You can see from column V11 and V13, the fold changes are very
different. Is it very common in microarray data analysis? Generally
how to deal with that? I don't want to use a p-value or something like
threshold to discretize them in this step yet.
V1 V3 V5 V7 V9
V11 V13
-2147022884 3.967828 5.010724 3.356568 1.227882 1.481481
1.870871
-2147022884 -4.031250 -1.441341 -1.036145 -3.583333 -8.953125
-3.201117
-2147022884 -2.016835 -1.568063 -1.079279 -1.288172 -50.875421
-39.554974
here is the variance
> x2.var[2,]
Group.1 V3 V5 V7 V9 V11 V13
-2147022884 17.30989 14.15427 6.495755 5.791014 767.9342 510.5714
2. Is there any good reference on this kind of things? like online
materials or book.
thanks,
--
Weiwei Shi, Ph.D
Research Scientist
GeneGO, Inc.
"Did you always know?"
"No, I did not. But I believed..."
---Matrix III
Hi Weiwei,
I've removed the R-Help mailing, this question does not really concern
them (except for the subset who's already on the bioc list).
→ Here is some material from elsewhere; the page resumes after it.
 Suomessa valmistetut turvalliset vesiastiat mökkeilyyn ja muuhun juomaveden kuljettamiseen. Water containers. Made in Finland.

To answer your first question, it is somewhat common yes. The first
step
would be to ask yourself why you would be getting different values
here.
Could it be that some of the probes are not behaving properly in your
samples? If you have reasons to think that there is one probe which is
more representative, then you might want to only select that one (for
example by variance). If they represented different splice variants,
then you might want to keep all of them around. If you have such
diverging results, I do not think that averaging them would be a good
idea.
The strategy that we used at the beginning was to keep all probes, and
see which ones come up during differential expression or other
analyses.
Then you can compare the results to see how the different probes are
reacting and which ones make sense based on what you know of your
samples.
In our case, we have good reasons to think that lots of probes are
misbehaving, for example by looking at genes whose behaviors is known.
We often select the most variables as the representative one.
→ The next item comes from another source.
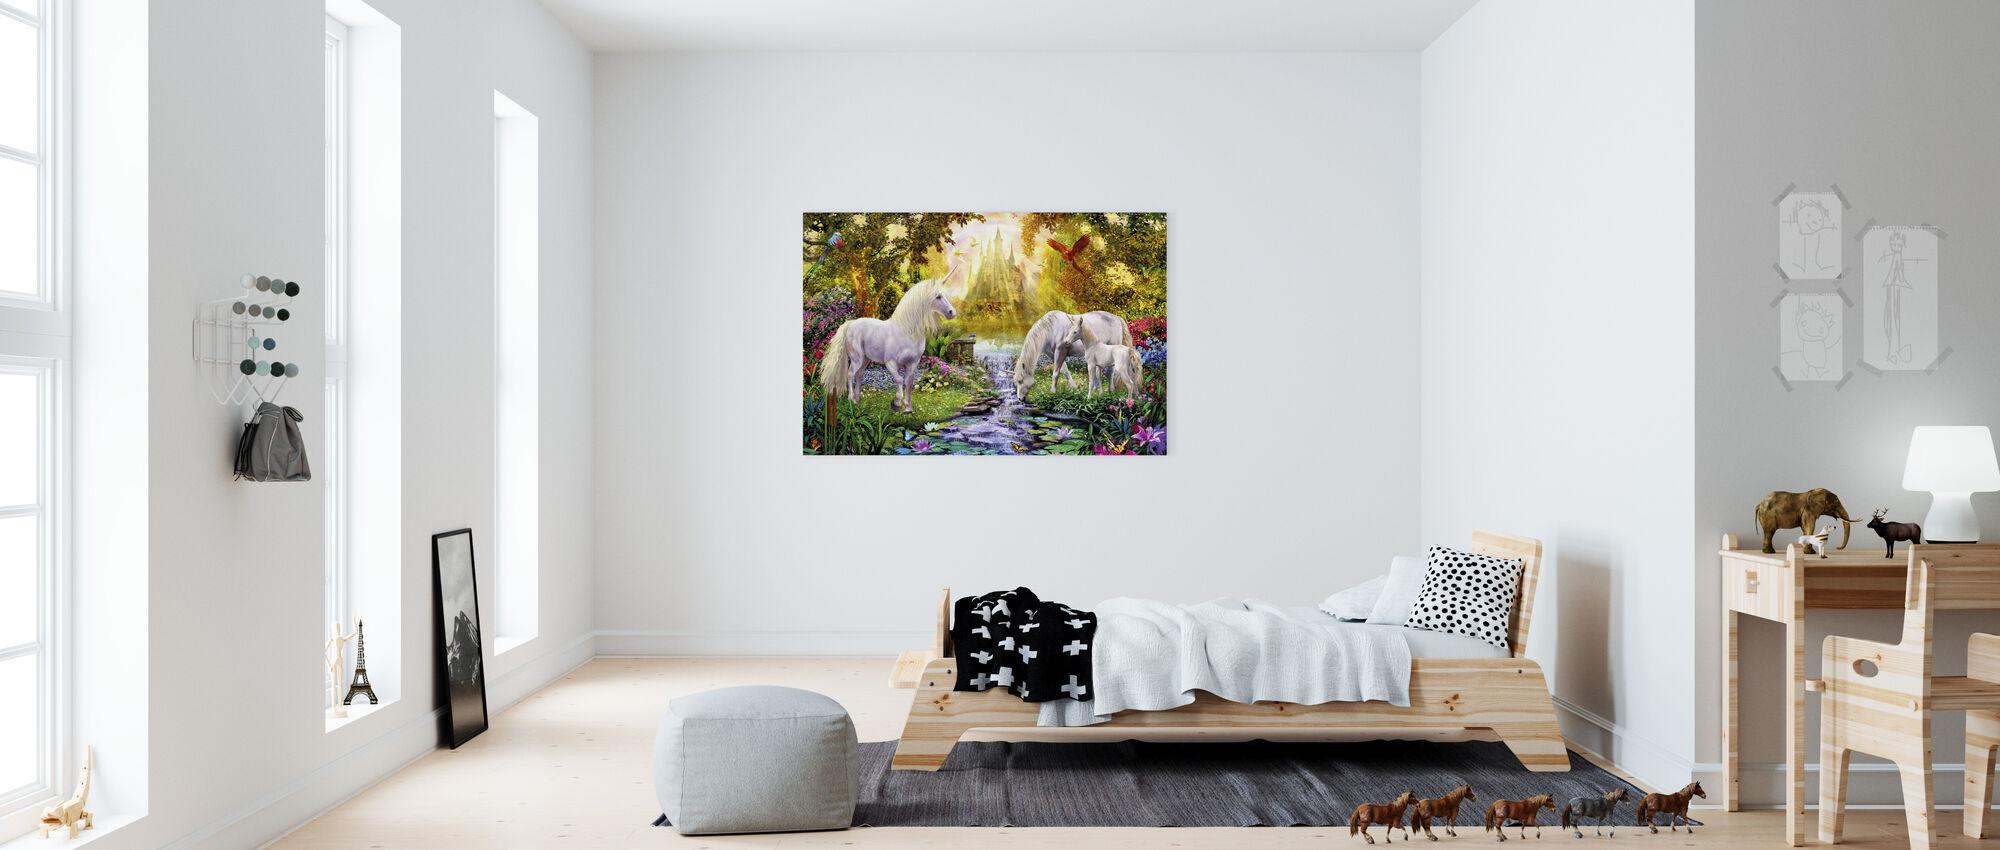 Het Kasteel Eenhoorn Tuin - Canvas print - Kinderkamer

I do not have any references handy for this, maybe other people do.
Francois
On Mon, 2006-09-11 at 12:11 -0400, Weiwei Shi wrote:
> Dear Listers:
>
> Currently I am doing a research using a microarray data. I have two
> questions and hope I can get some help from here:
>
> 1. I have a dataset like the following, in which V1 is geneid,
> v3...are the fold changes of expression levels for different
patients.
> There are multiple probes for one gene, so there are multiple rows.
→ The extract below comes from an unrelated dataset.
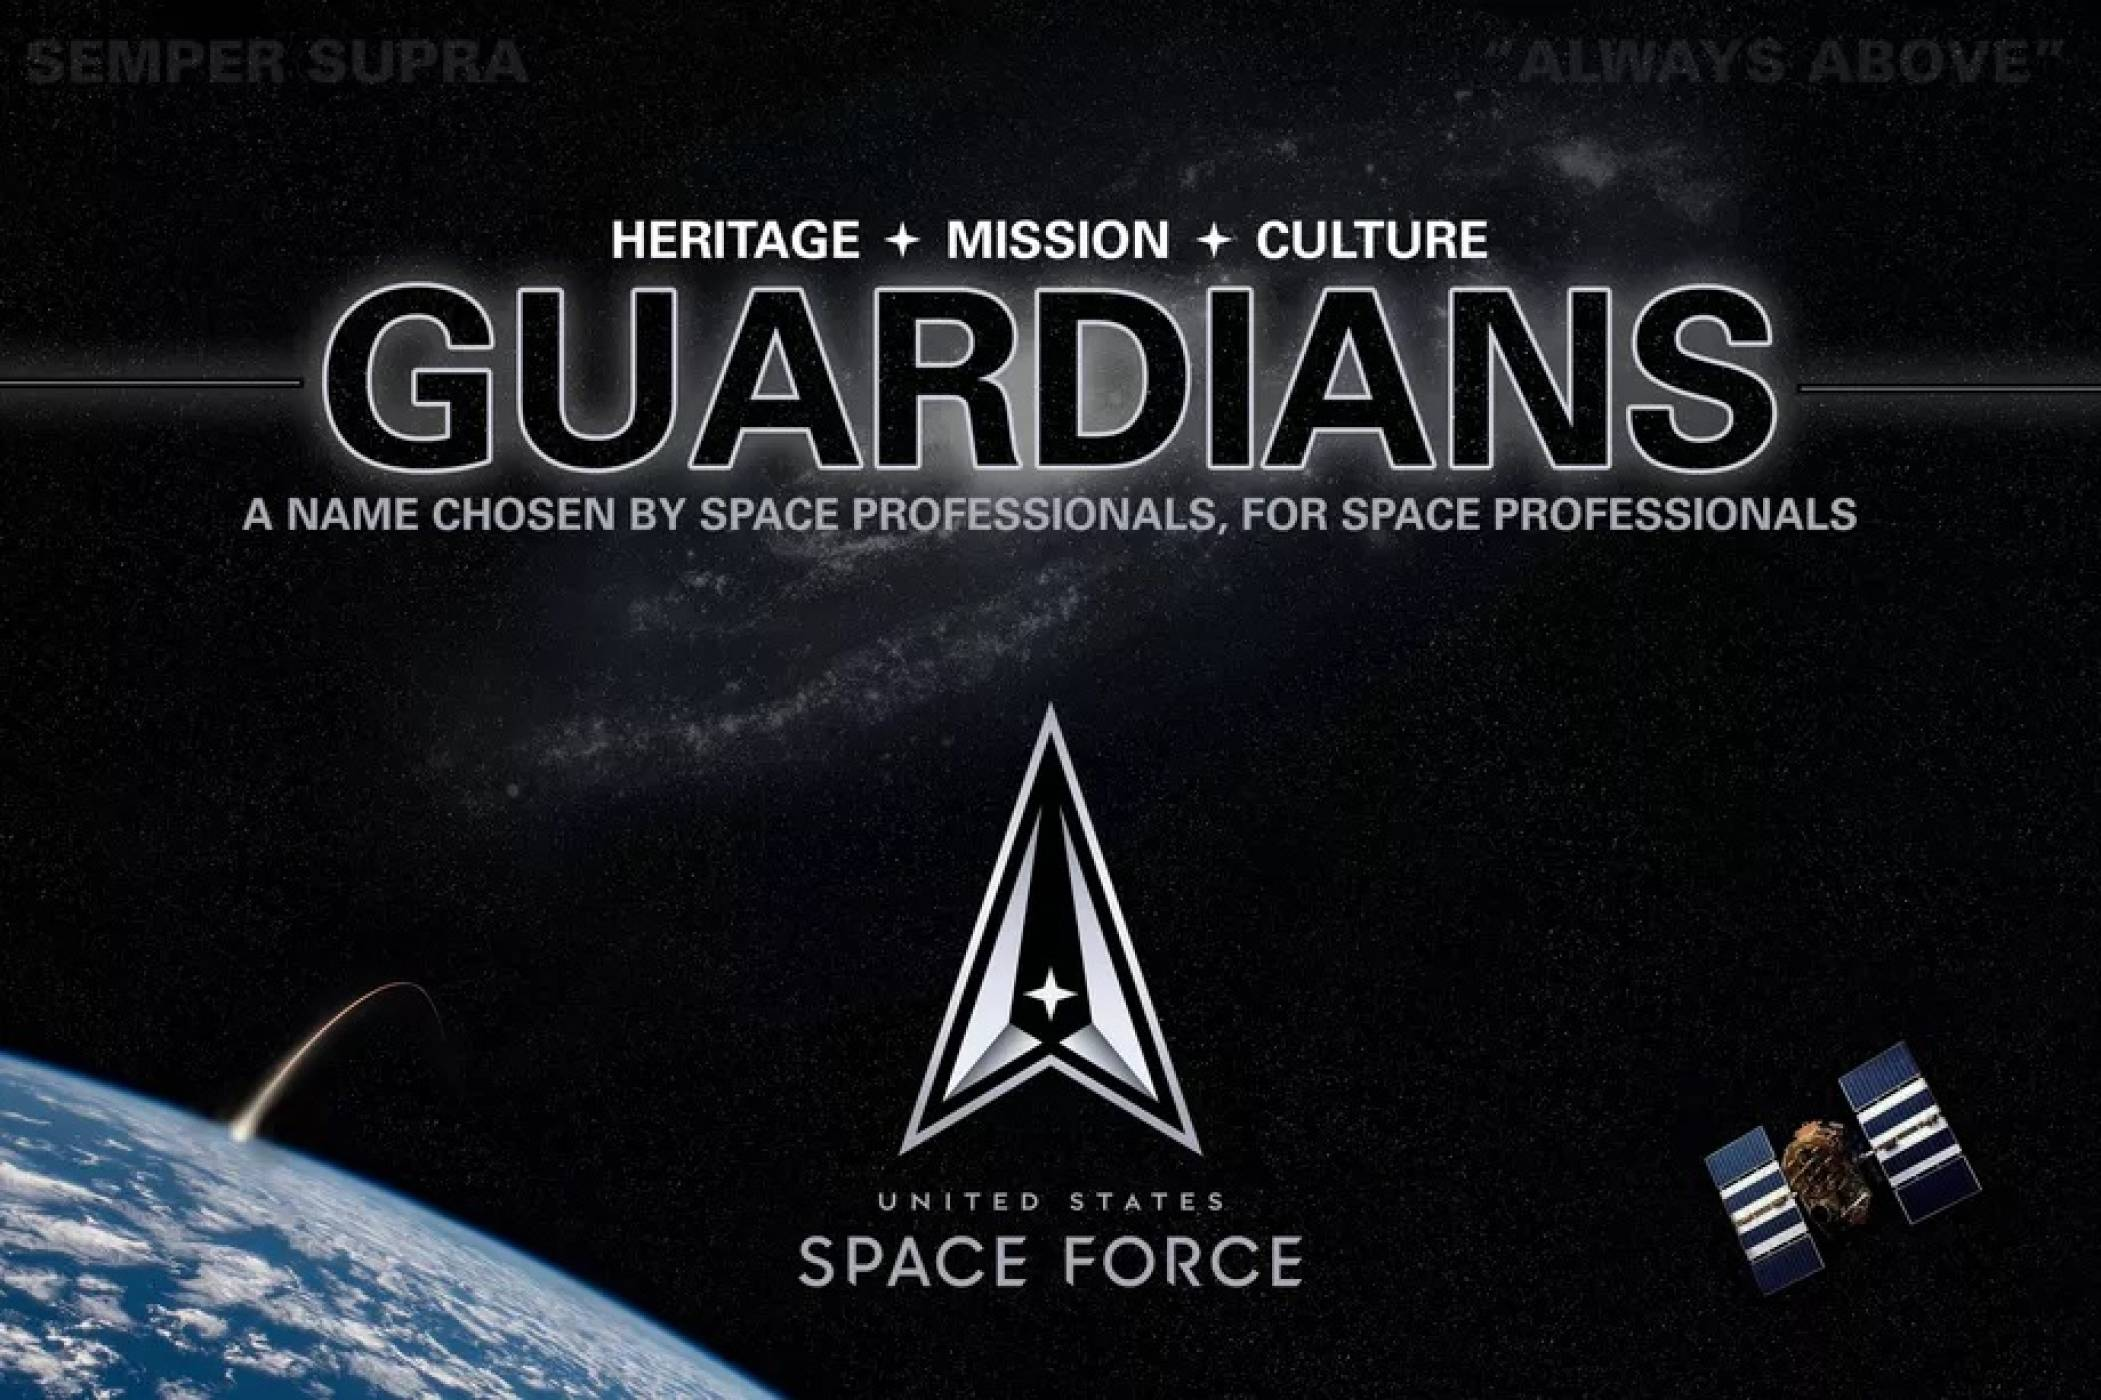 Космическите сили на САЩ ще се наричат

> You can see from column V11 and V13, the fold changes are very
> different. Is it very common in microarray data analysis? Generally
> how to deal with that? I don't want to use a p-value or something
like
> threshold to discretize them in this step yet.
>
> V1 V3 V5 V7 V9
> V11 V13
> -2147022884 3.967828 5.010724 3.356568 1.227882 1.481481
1.870871
> -2147022884 -4.031250 -1.441341 -1.036145 -3.583333 -8.953125
-3.201117
> -2147022884 -2.016835 -1.568063 -1.079279 -1.288172 -50.875421
-39.554974
>
> here is the variance
> > x2.var[2,]
> Group.1 V3 V5 V7 V9 V11 V13
> -2147022884 17.30989 14.15427 6.495755 5.791014 767.9342 510.5714
>
> 2. Is there any good reference on this kind of things? like online
> materials or book.
>
> thanks,
Dear Francois and others:
Thank you and I cc to r-help since I just tried to get more
suggestions. But I think keeping it at Bioconduct is totally fine with
me.
I am trying my idea on some pathway analysis and the data used here is
a real medical data for a disease with unclear mechanism. The probes
here are different-splices for one gene so I need to keep all of them
for my analysis. Currently I do not have knowledge to evaluate the
behaviors of the probes.
By "We often select the most variables as the representative one.", do
you mean "select the most samples or most probes"?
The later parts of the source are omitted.